Showing posts with label ingurgitate. Show all posts
Showing posts with label ingurgitate. Show all posts

Wednesday, September 1, 2010

Ingurgitate - Bleeding His Sacred Kingship (2005)

Because killing us all in the previous year wasn't enough for the Texans Ingurgitate, they decided they would exhume our now rested corpses, prop them up into some semblance of normal existence, and then brutally slaughter us all once more, this time with an even more densely focused narrative of uncomfortable brutality which excels in brickhouse pit rhythms far more than its predecessor, the loathsome lasso of Blackest Origins. The stops have been pulled out, the chainsaw taken off its hook in the shed and the targeted towards once more towards the constructive destruction of Christian imagery. I can only imagine the level of wanton confession this band would require to compensate for such an act as Bleeding His Sacred Kingship, but I don't really think they care. Better to rule in Hell, after all, right, pardner?

From the minute "I Have Created" issues forth from your speakers, those very same audio heralds will hate your guts, because Ingurgitate is so deep and disgusting here that they will rattle your rig apart at the very metallic and plastic seams. Truly, this is about as unfriendly as an album can get, with thick bass lines and darkened guitar tones that surge and thrust across the more brash performance of the drums. Like Devourment, the band can utter forth an ugly breakdown, but never dull, and I found the overall riffing skills superior as they rend and tear listener flesh like starving Satanic dire-buzzards. This album is even shorter than the debut, clocking in at a total of 22 minutes, but these are 22 minutes in which you will barely have time to break the surface of bloodied, shocked bodies as you drown in the viscera of "The Weight of Your Sins", "Whoreson" or the tense and tight "Twisting Prophetic Revelation".

The band rarely takes a break unless you're dealing with the shredded intro to "Only the Voiceless", or the haunting ambiance that alights "Consecration in Black Flames" or the bonus track "A Burial for the Exalted" (on the 2008 reissue through Ossuary Industries), but this is welcome, because Bleeding his Sacred Kingship is true to its sanguinary, blasphemous intentions, a slab of sheer entertainment that is so fun and energetic that it almost escapes any trace of criticism on those grounds alone. The riffs are better, the grooves better, and the sheer force of it will knock you out of your seat, and while the buck stops just below true greatness, after tossing the unfortunate rider, this is one of the finest individual death metal records I've heard out of Texas. Don't expect to lock horns with it and survive for long.

Verdict: Win [8/10] (condemned to pain)

http://www.myspace.com/ingurgitate

Ingurgitate - Blackest Origins (2004)

Texas has rapidly developed into the next 'Sweden', 'Poland' or 'Florida' in terms of its death metal scene, but fear thee not, this is not the type of community bound to produce world touring super star songwriters concerned with image and melody. No, the scene in Texas is downright fucking hostile, and Ingurgitate are just another band involving members of...well, other local death metal bands. Specifically, current and former conscripts of Infernal Dominion, Devourment, Viral Load, and Braced for Nails, a few of which are pretty damn fun in their own right. Judging by the intriguing occultism of the cover imagery, and welcome lack of gore and torture porn that adorn even some of the members' external works, I was not sure quite what to expect of the sound.

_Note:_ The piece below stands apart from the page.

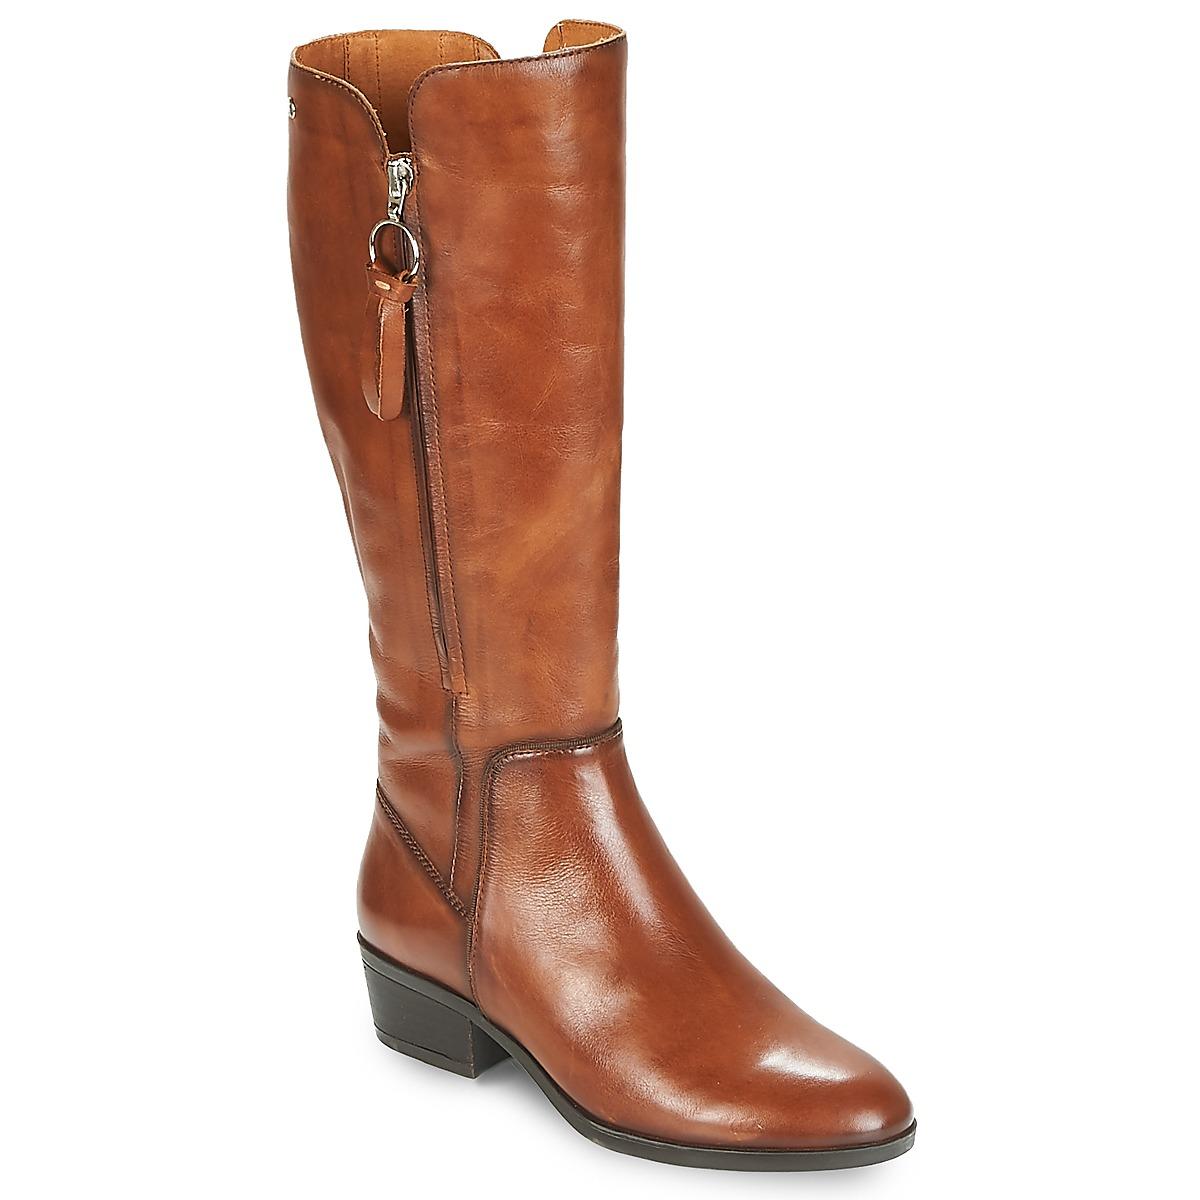 Pikolinos DAROCA W1U Camel - Kostenloser Versand bei Spartoode ! - Schuhe Klassische Stiefel Damen 169,00 €

Perhaps I expected some Deicide or Morbid Angel worship, but while these are present to some degree as they are with all such acts, Ingurgitate are more in line with the ripping Midwest brutality of a Lividity, or their fellow Texan bands. While not as stomping or slamming as, say a Devourment, they've otherwise got that same devotion to sheer guttural force and highly percussive riffing, which makes sense, since this debut is largely the work of one Chris Hutto (who was also in that band). The drum rhythms are intense, riotous walls of double bass engorged upon the deeply chugged vortex of mutes, sometimes winding off into streams of clinical grief "("Disavow Christian Ignorance" or "Archaic Persecution of Allegiance to Jesus Christ"), but also throwing the listener for a loop or two, like the pummeling open notes ground up late in "Enthralled by Christian Reverence" or the melodic spawn point located deep within the crypts of "Scathing Tractarianism Immortalizing the Beheading Christ".

The summary execution of both Holy Spirit and Samaritan found in this band's titles and lyrics is probably not going to appeal to the average churchgoer, but for anyone who desires a mindless slug fest behind the local mortuary, come and gone in about 25 minutes of explosive rectal sacrilege, Blackest Origins might just have enough meat and muscle to sate that killer within for just a few more days. This is not a band long on riffs, but the primal violence created through the guitars and deep logistics of the hammering throat-work should ensure a satisfactory level of damage and discourse for any who would keep his or her expectations realistic for something arriving in this particular crop of bands. This is hardly a death metal classic, but it functions with its perturbed imagery as it grinds the image of falsified human iconography into fertilizer.